Revista Periscopio
13.01.1970 |
Cruce. No cruce. Pase con luz verde y no con luz
amarilla. Pare. Siga. Mire y escuche. El pobre peatón de las
ciudades norteamericanas no es un ser humano: es una especie de
robot que responde a señales luminosas y carteles, su marcha ha sido
rígidamente prescripta por los antojos del jefe de Policía y del
departamento de tránsito. Las calles de USA no son para seres
humanos: son para autos, puchos de cigarrillos y cuadrillas de
reparaciones de la compañía telefónica.
Este panorama de la atmósfera urbana es tan deprimente como
cotidiano: la contaminación del aire, el delito, la basura, la
congestión y la impersonalidad de los rascacielos es algo que los
norteamericanos se han habituado a soportar. Pero es el punto
principal para Bernard Rudofsky, en cuyo libro 'Calles para la
gente' despliega una encantadora recorrida de calles y pasajes del
Viejo Mundo. "A pesar de su tan mentado nivel de vida —dice
Rudofsky, un arquitecto de origen austríaco que se describe a sí
mismo como «viajero profesional»—, los norteamericanos son
esencialmente despreocupados en lo que se refiere a las cosas que no
pueden comprar. Como en su mayoría no están familiarizados con otras
calles que las que transitan a diario, nunca se les ocurre pensar en
cómo hacer un mejor uso de ellas."
Para llenar ese vacío de conocimiento, Rudofsky lleva al lector,
entre citas y fotografías, de los humildes pueblos andaluces, donde
mujeres vestidas de negro lavan las calles todos los días, a la
riqueza de la Gallería Vittorio Emanuele, de Milán, con sus tiendas
y cafés. Registra las voces de vendedores ambulantes, se maravilla
ante el arte pop natural de un bazar marroquí, y se interna por los
ciento sesenta y tantos callejones sin salida de un laberíntico
pueblo italiano que "parece diseñado por un rayo".

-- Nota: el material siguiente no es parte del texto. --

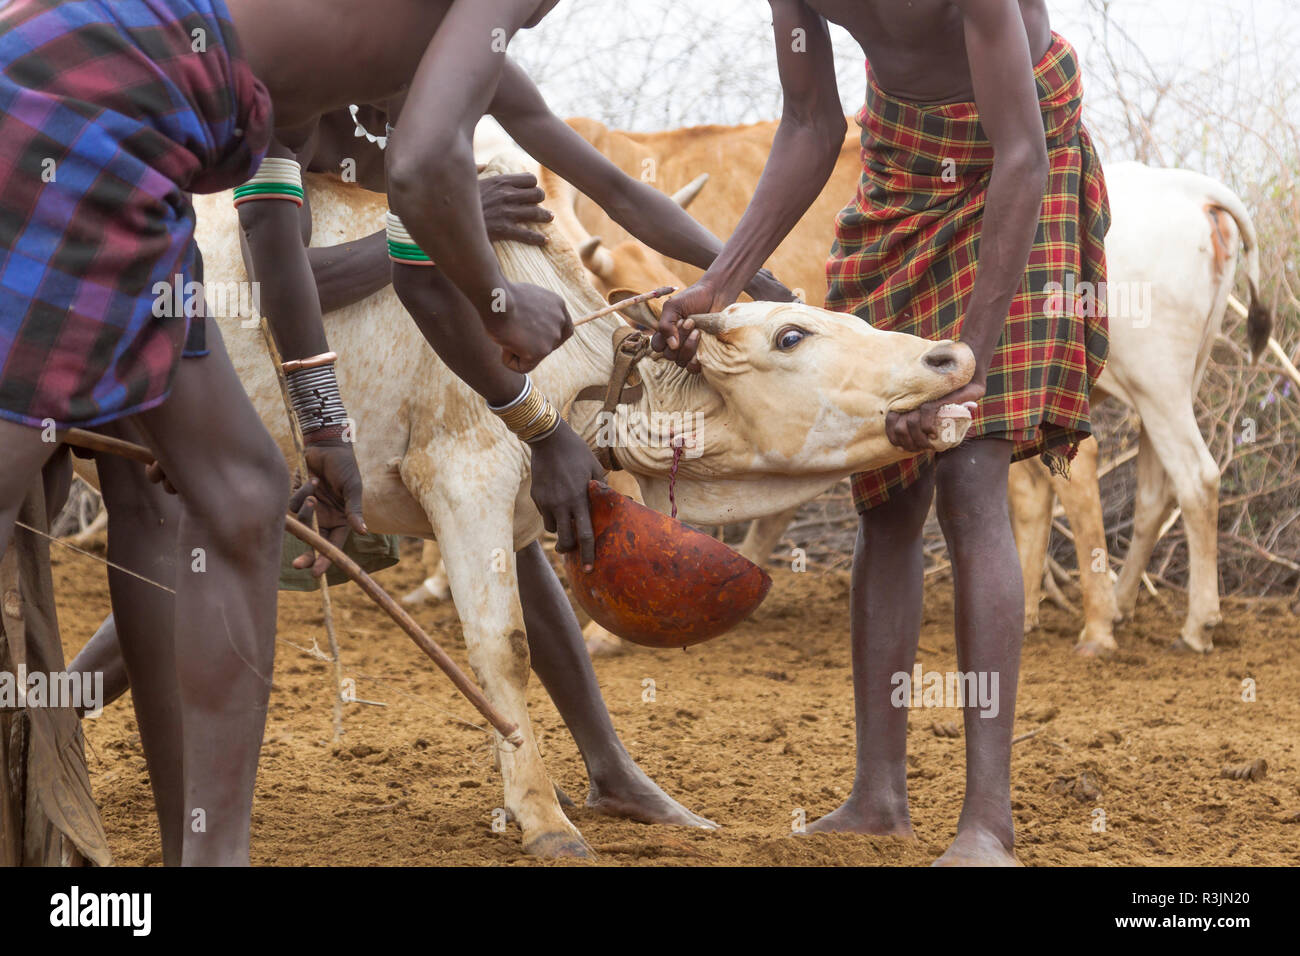 L'Afrique, l'Ethiopie, le sud de la vallée de l'Omo, Tribu Nyangatom. Les hommes occupent la Nyangatom steer tandis que le sang s'écoule dans une calebasse. Banque D'Images

Las calles de la vieja Europa reflejan un sentido de propiedad por
parte de la gente, y son más de ellos que de los Gobiernos y los
automóviles. "La calle italiana —escribe el autor— es una caja de
resonancia de las pasiones humanas. Para los italianos, la calle es
salón y centro de intercambio. Perpetuando una tradición de mil
años, se reúnen, discuten y comercian de la puerta para afuera. El
aire libre y los espacios amplios contribuyen a mantener vivas la
libertad de expresión y la rapidez mental." La vida de café, como se
la entiende en las calles de España. Francia e Italia, es la
antítesis de la hora de las aglomeraciones a la entrada y a la
salida del trabajo en USA, con su rápido martini de pie en oscuros
barcitos o el atropellado retorno al hogar junto a la esposa, los
hijos y la televisión. "Los norteamericanos —señala Rudofsky— son
por temperamento y por educación indiferentes, si no hostiles, hacia
todo lo que el café significa; menosprecian el estado de ánimo que
crea esa mezcla de contemplatividad e introspección."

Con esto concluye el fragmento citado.